I. Попытка жрицы отойти от дел

Афродита, сорок неустанных лет служила я тебе и все еще жива, чтоб возвестить об этом.

Тех, кого любила я, — кривоногих кузнецов,

и потерянных мальчиков,

и шаманов, лишенных сана,

и леваков-чернокнижников,

и докторов, не способных себя излечить,

и поэтов, что жили, не зная ритма,

и жиголо, танцующих на измятых простынях, —

я их почти забыла,

но никогда не сожалела я о том,

что служила тебе,

ведь эта служба дала мне всю мудрость,

мной обретенную.

Раз как-то женщина пришла ко мне в твоем обличье —

в глазах голубизна морей, как в хмурый день,

розовокожая, что Эос,

взошла она над моей грядой коннектикутской в четыре,

когда я пробудилась, чтоб вознести тебе молитву.

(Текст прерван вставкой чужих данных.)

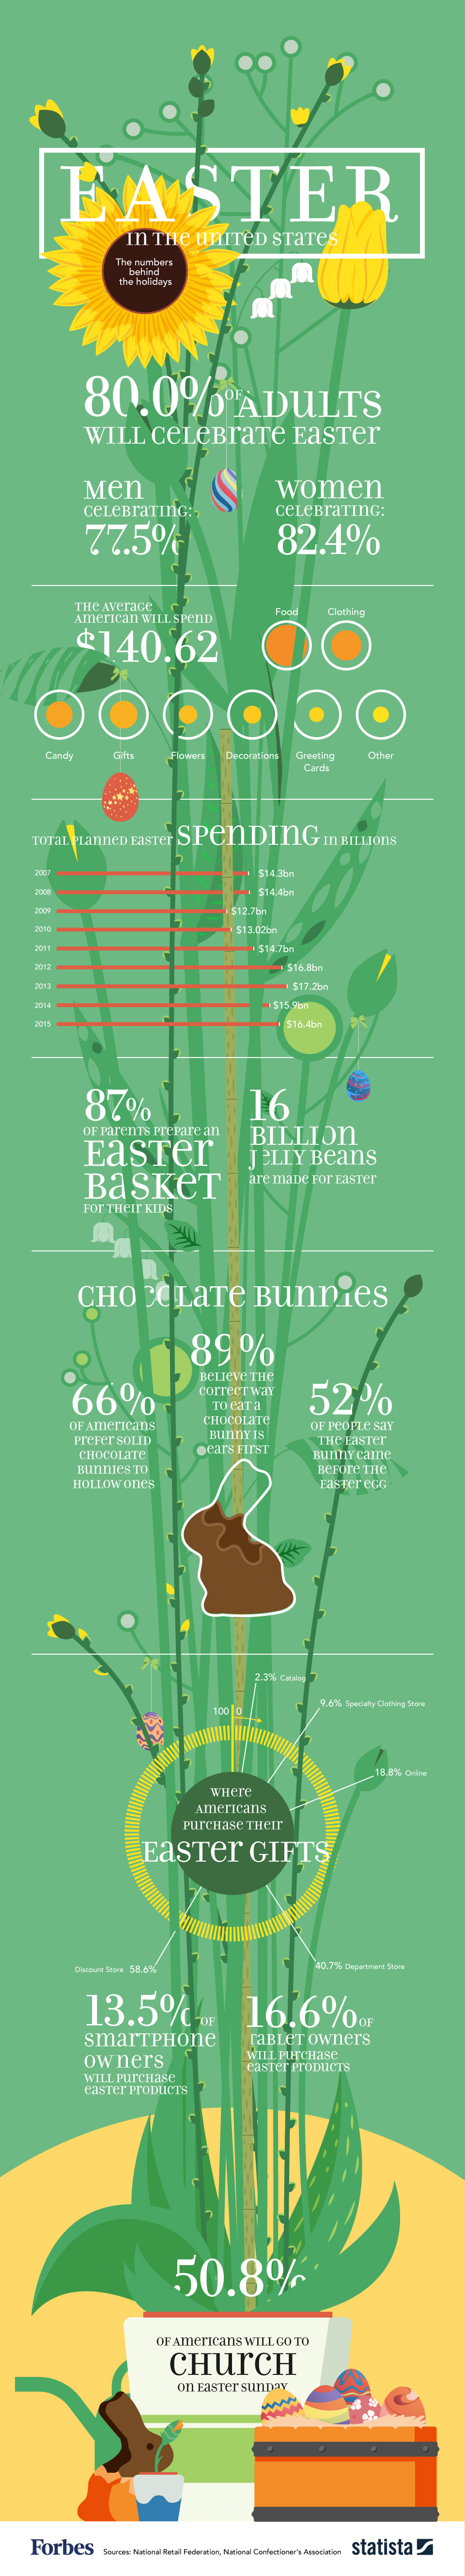 [INFOGRAPHIC] Easter: America’s Most Popular Holiday!

Я в ней узнала твоего двойника и полюбила ее, как себя в зеркале,

— все из любви к тебе.

Но вот теперь хочу оставить я это поклонение,

вернуть тебе мой красный жреческий хитон и золотые ожерелья, серебряные пояса, черные жемчужины и нагой в мир уйти,

стать от поэзии каргой,

рифмы белой ведьмой,

языческим философом бродячим,

бабкой для щенячьей страсти, что обуяла дочь мою.

Но ты — шутница Афродита —

пришли мне нового мужчину,

который мог бы взбунтовать мне кровь,

мои глаза наполнить озорством и кожу зарумянить мне рассветом ложным.

Но что такое мужчина новый, если не беда?

Пятидесятилетняя Сапфо, взрастившая уже

Клеиду драгоценную свою,

влюбилась в лодочника,

доставившего ее к скале,

с которой она прыгнула —

или так гласит легенда.

(Но что Овидий и Менандр знать могли о жаре поэтического сердца, пылающего в женской груди?)

Забери ты этого Фаона!

Агатоглазого стареющего Адониса,

охмуряющего меня словами!

Но вот я это говорю,

а ты самым потаенным своим взглядом ловишь мой.

«Ну, еще разик, насладись, — поддразниваешь ты меня.

— Кто знает, какие гимны в мою честь

Теперь ты сложишь,

Высот достигнув мастерства?

Что есть поэта жизнь,

как не жертва богине, которой служит он?

Ты думаешь, что это твой свободный выбор?

Но и бессмертные покорны ее капризной воле».

Загрузка...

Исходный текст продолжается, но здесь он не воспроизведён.